I also have been told that they can go out anywhere from 3 weeks to 6 weeks, but then a book that I'm using as a resource said that for most parts of the country they should go out at 8 weeks. I'm in the San Francisco Bay Area and it's in the upper 40s at night, upper 60s in the daytime. Right now my chicks are 5 weeks old. When is it safe to put them out?

Thanks for your advice.


----------



## avis67 (Oct 27, 2013)

It mainly depends on the weather and if it is warm or cold. In the late summer on the first week I let my baby chicks go outside though only for a few minutes because they would get cold very easily. For 4 -5weeks they would stay out for 30 minutes or longer, in 6-10 or more weeks I kept them outside for the entire day. At 10 weeks I finally moved the chicks into the coop ( they they were originally sleeping in an old ferret cage indoors). 

Moving them in the coop day or night doesn't matter. Chicks should have a natural instinct to roost on high places, but check when it gets darker to see if they have found the roost. A few of my baby chickens found the roost bar very quickly, others kept pacing back and forth so I eventually had to lift them one by one on to the roost bar. I did that for a couple of days and then in the fourth day they caught on and learned to sleep in the coop and on the roost at night instead of waiting at the door to be let in.


----------



## emeraldskye (Oct 6, 2013)

Thank you! It was pretty warm out so I took them outside for about three hours. I kept a close eye in them and if they started to look cold I would have brought them in sooner. It was their first experience on bare dirt. They finally got the hang of scratching. I think I'll wait until they are 8 weeks old to put then out at night but today I turned off the heat lamp so that they can get used to sleeping with it a bit cooler. No matter what, it will be quite a bit cooler out there for them when they finally go outside for the night.


----------



## emeraldskye (Oct 6, 2013)

I moved the chicks out at about 6 weeks. We put their heat lamp out with them. They are now 8 weeks old and finally started sleeping on the roost on their 8-week birthday. They still have the lamp. They seem well-adjusted to their living space.


----------



## realsis (Jan 13, 2013)

That's great I'm glad they adjusted so well! Are you still using the heat lamp?


----------



## emeraldskye (Oct 6, 2013)

They do still have the lamp; it's in the lower 40s overnight here and they are using the roost area right under the lamp. If they were too warm then they would move to another roosting spot, I'm sure. I thought I'd let them tell me when they don't need it anymore.


----------



## Usama666 (Dec 18, 2013)

I would like to thank you for the efforts you have made in writing this post. your provided information is easy to understand and implement.


----------



## TheLazyL (Jun 20, 2012)

Locking them up in the coop lets them know where home is. Moving the chicks to the coop during the day is fine.

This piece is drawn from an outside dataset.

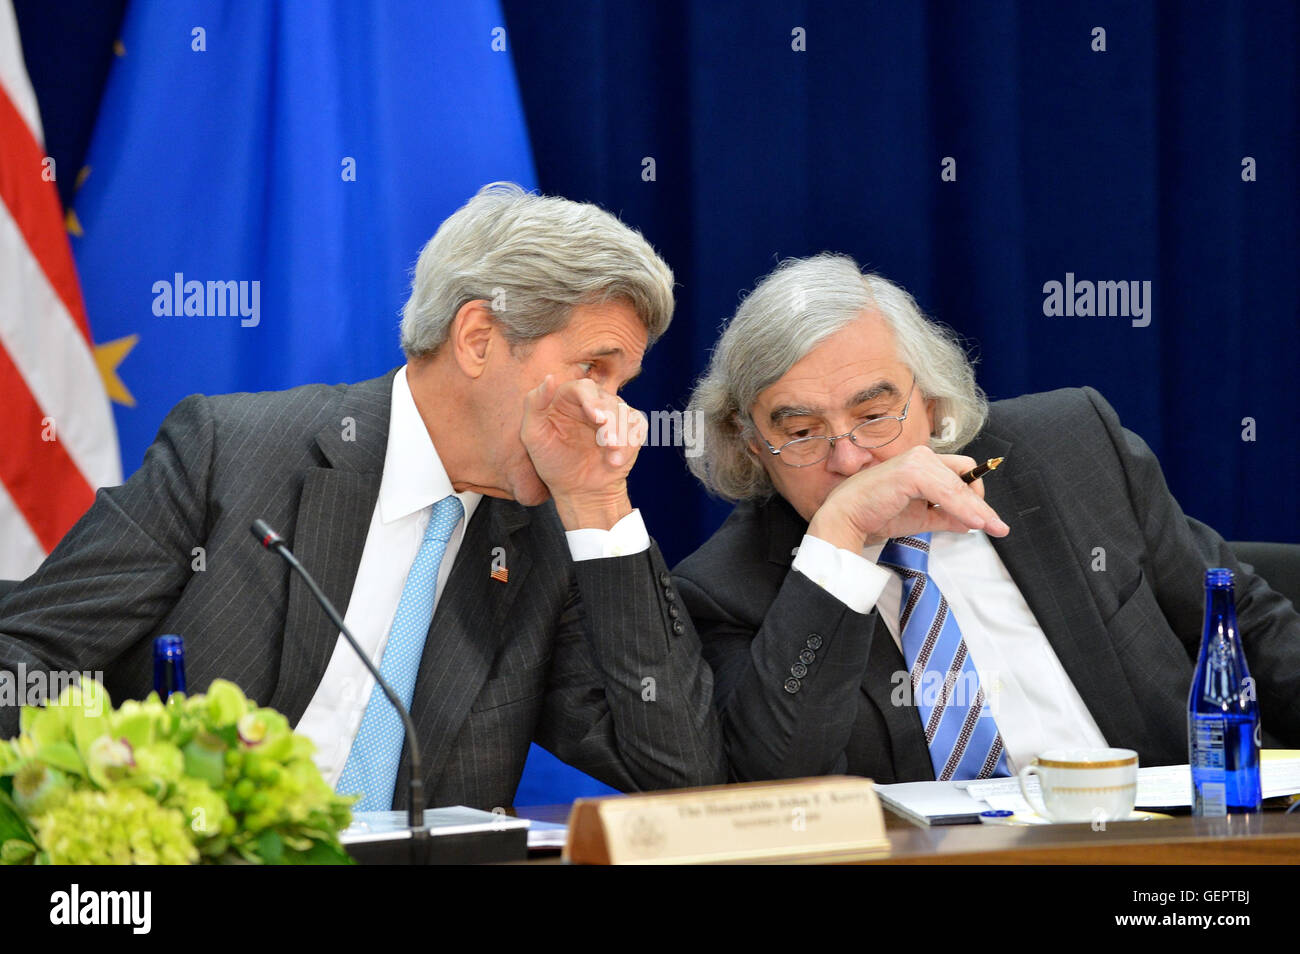 Kerry s'entretient avec le secrétaire Le secrétaire de l'Énergie, Moniz à la septième États-Unis-UE Conseil de l'énergie Réunion à Washington Banque D'Images

My BO's were 2 days old when I received in May 1012. When they were almost fully feather I opened the chicken door and let them decided if they want to go out or stay in.

I don't understand some human's need to "teach" the chickens how to roost. Chickens have been roosting all by themselves for centuries with out being taught how to. The will roost if they want to and where they want to.


----------



## Usama666 (Dec 18, 2013)

TheLazyL said:


> Locking them up in the coop lets them know where home is. Moving the chicks to the coop during the day is fine.
> 
> My BO's were 2 days old when I received in May 1012. When they were almost fully feather I opened the chicken door and let them decided if they want to go out or stay in.
> 
> I don't understand some human's need to "teach" the chickens how to roost. Chickens have been roosting all by themselves for centuries with out being taught how to. The will roost if they want to and where they want to.


right you are ...!


----------